Pour son travail des fonctions de neurones on a attribué Adrian, conjointement avec monsieur Charles Sherrington, le Prix Nobel pour 1932.

Les résultats des recherches brillantes d'Adrian sur l'electrophysiology du système cérébral et nerveux ont été publiés dans des nombreux papiers scientifiques et dans ses trois livres, la Base de Sensation (1927), le Mécanisme d'Action Nerveuse (1932) et la Base Physique de Perception (1947). Avec d'autres il a écrit des Facteurs Déterminant le Comportement Humain (1937).

Adrian a fait accorder à de nombreux honneurs lui. Pendant 1950-1955 il était le Président de la Société Royale et pendant 1960-1962 de la Société Royale de Médecine. En 1954, il était le Président de l'Association Britannique pour l'Avancement de Science. Il est Chevalier de la Légion française d'Honneur et un administrateur de l'Institut de Rockefeller. Il tient des titres honorifiques, des adhésions et les camaraderies de nombreuses universités et les d'autres corps appris. Il a été annobli le Baron de Cambridge en 1955.

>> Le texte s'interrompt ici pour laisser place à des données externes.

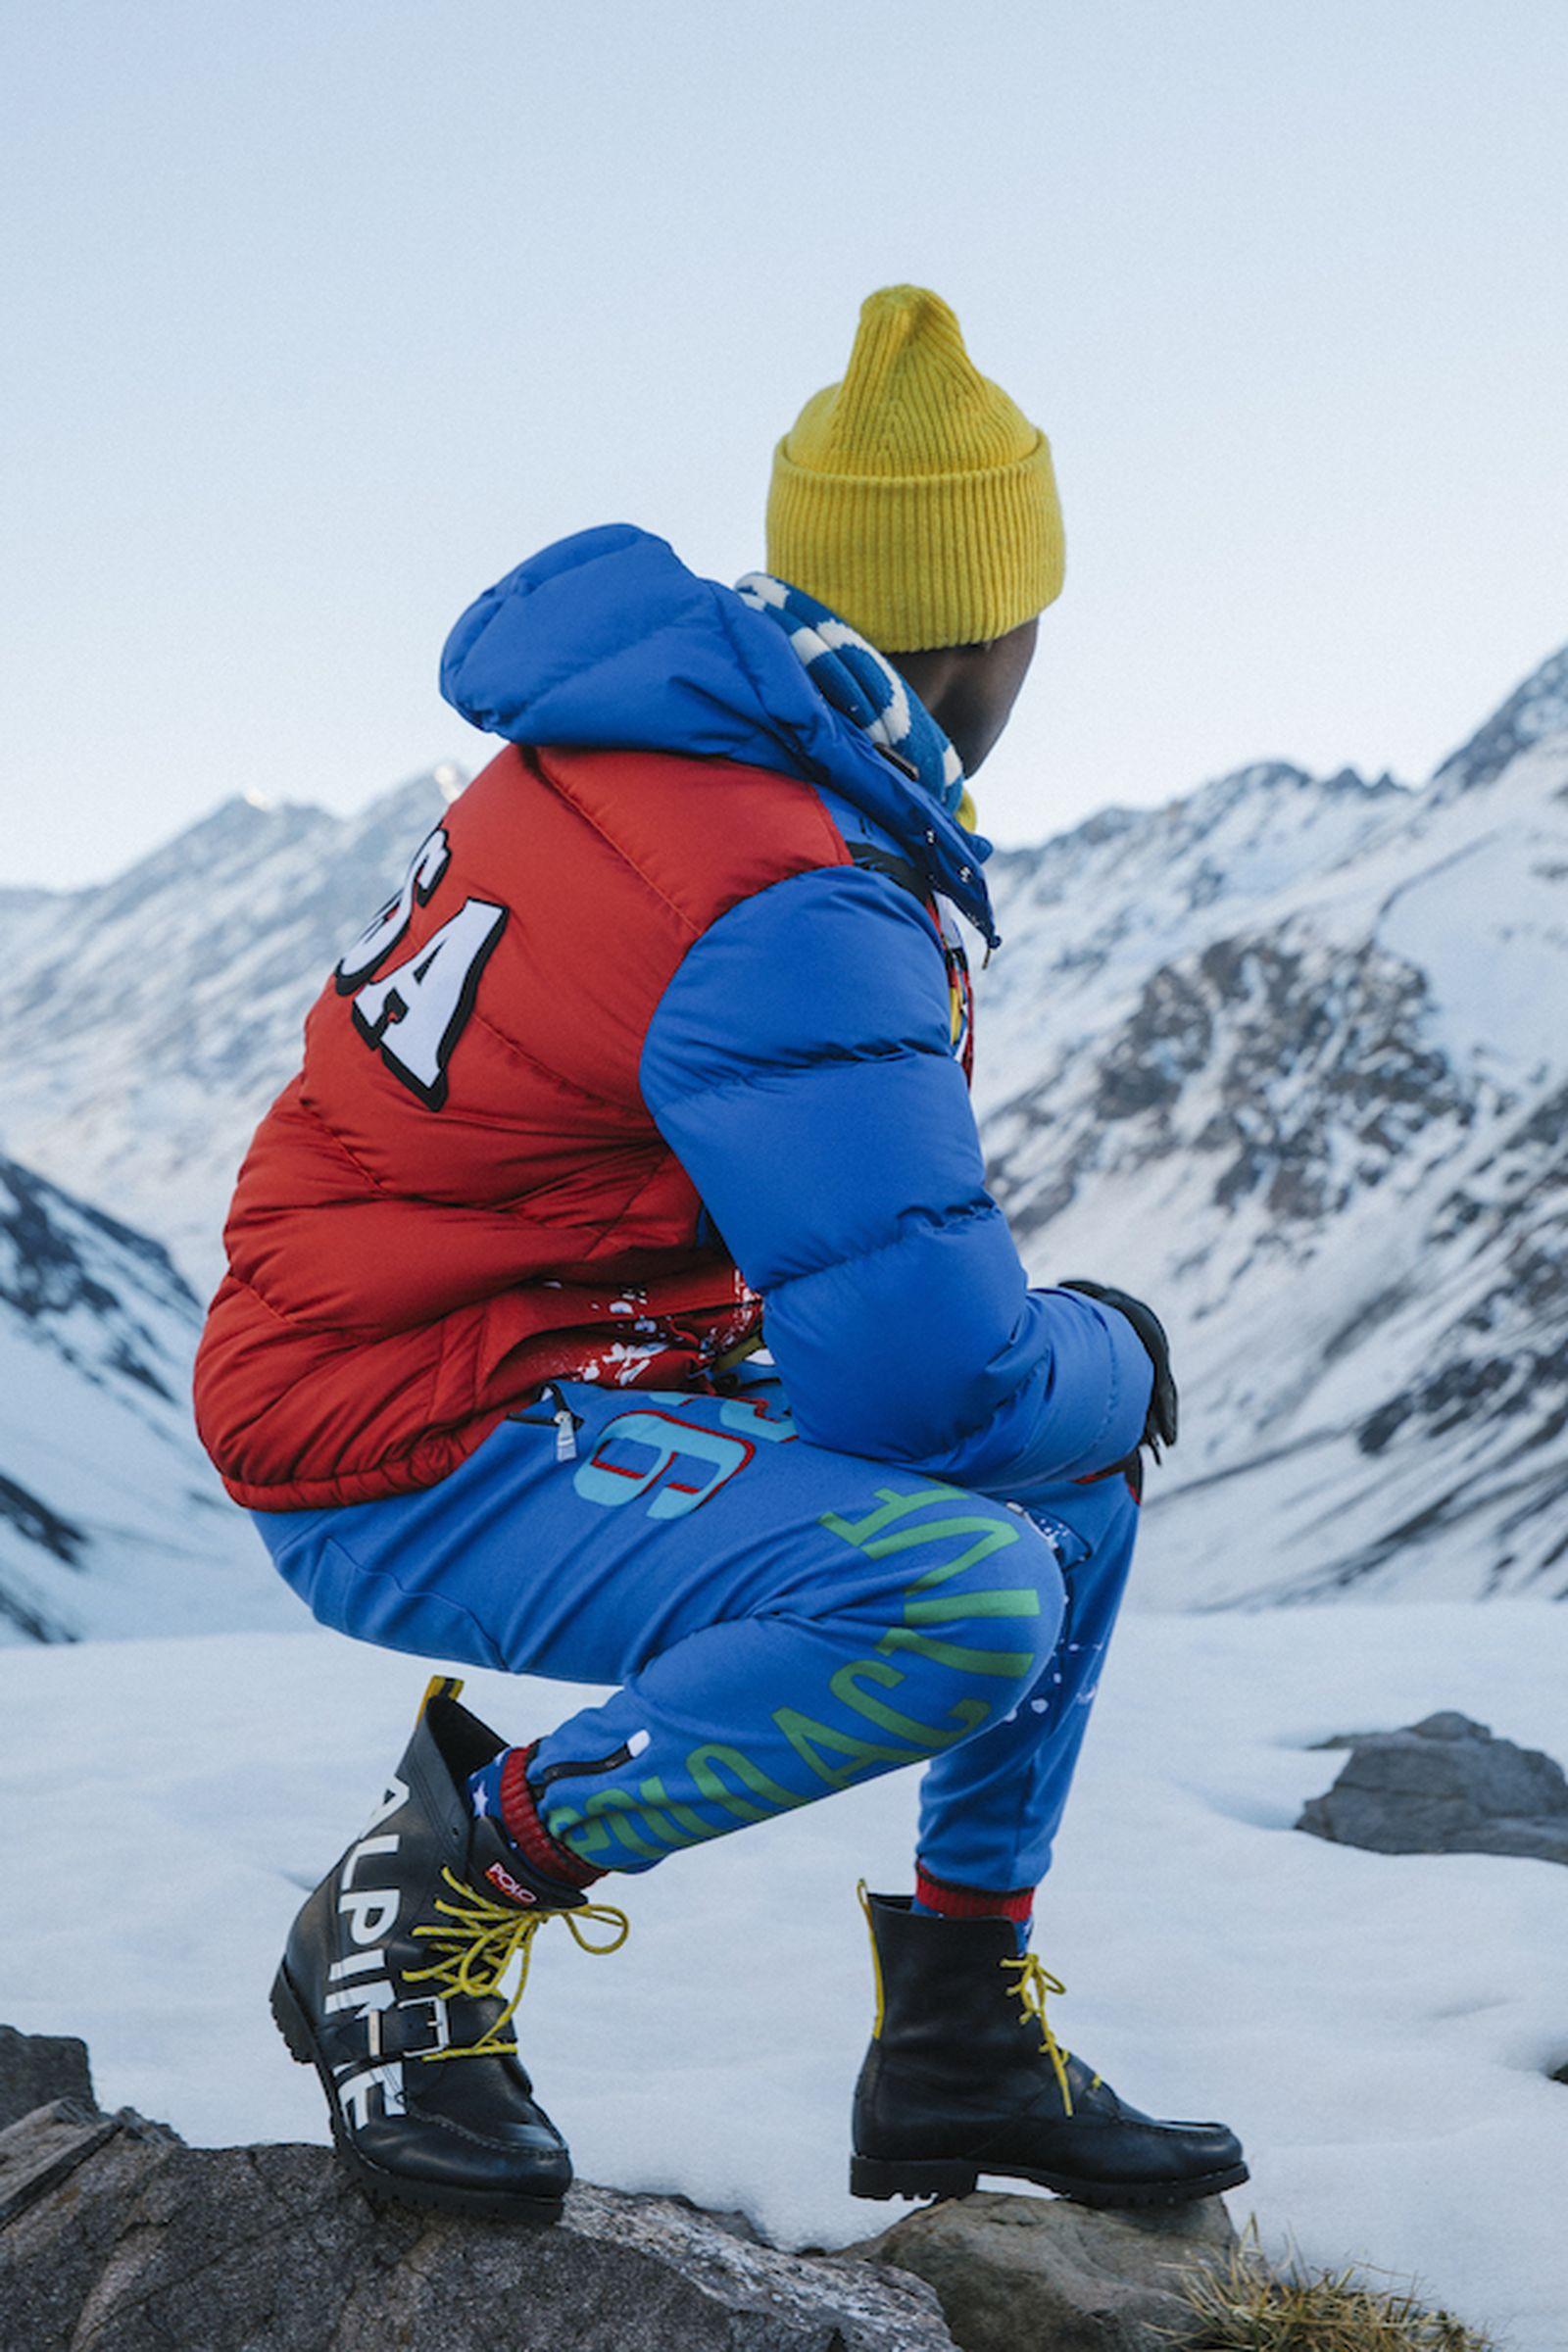 polo ralph lauren fw18 downhill skier capsule

Un homme d'énergie inlassable et l'industrie continue, Adrian a, partout dans sa vie occupée et comme un Membre du Conseil de Recherche Médical et beaucoup d'autres corps consultatifs scientifiques, a manifesté la grande influence, non seulement sur ses élèves et collaborateurs, mais aussi sur le développement de recherche physiologique et les sciences en général.

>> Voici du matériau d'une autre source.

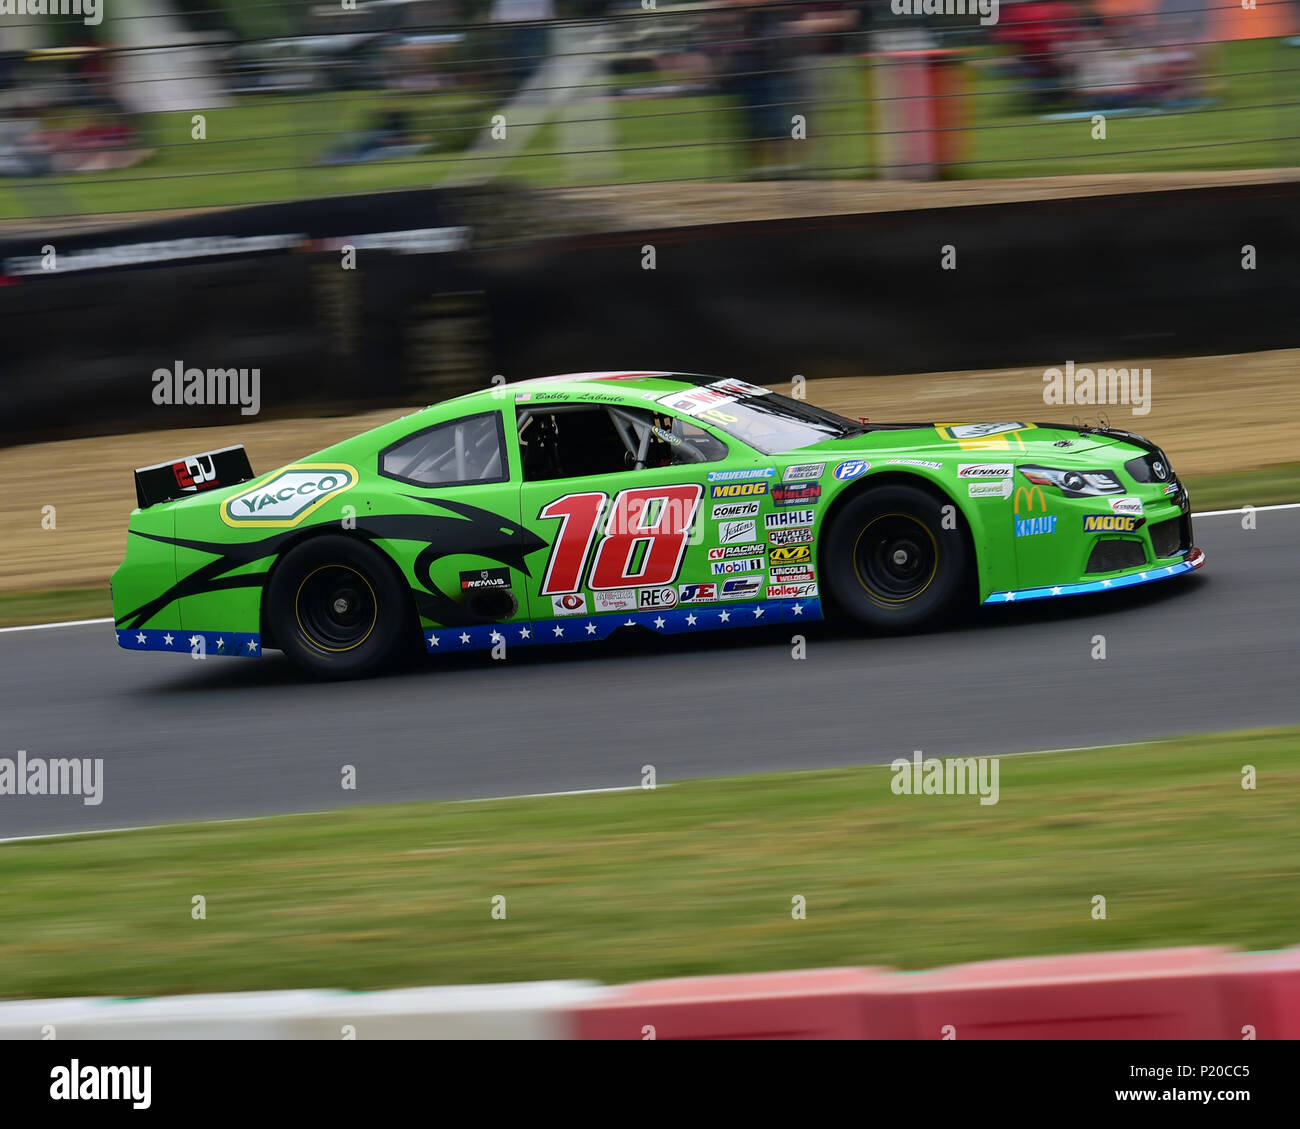 Bobby Labonte Toyota Camry Nascar Whelen Euro Series Elite 2

Aux citoyens de Cambridge il a longtemps été familier comme une figure (chiffre) maigre, petite, avait dominé par la poussée en avant du nez et le menton et l'expression de jeu de but, comme lui des fils sa voie à la haute vitesse sur une bicyclette par les rues entassées de la ville. Un escrimeur expert, il est aussi un alpiniste enthousiaste, une récréation qu'il partage avec la Dame Adrian, qui est une Justice de la Paix et fait beaucoup d'assistance sociale dans la Ville. Parmi d'autres récréations du Lord Adrian naviguent et son grand intérêt dans les arts. Un orateur (speaker) superbe de fin de repas, tous ses cours et des discours ont été le résultat de préparation très prudente.

En 1923 Adrian a épousé Hester Agnès Pinsent, la fille du dernier Hume Pinsent de Birmingham, l'Angleterre et un descendant de David Hume philosoper. Ils ont un fils et deux filles.

Le Lord Adrian est mort en 1977.

De Cours Nobel, Physiologie ou Médecine 1922-1941.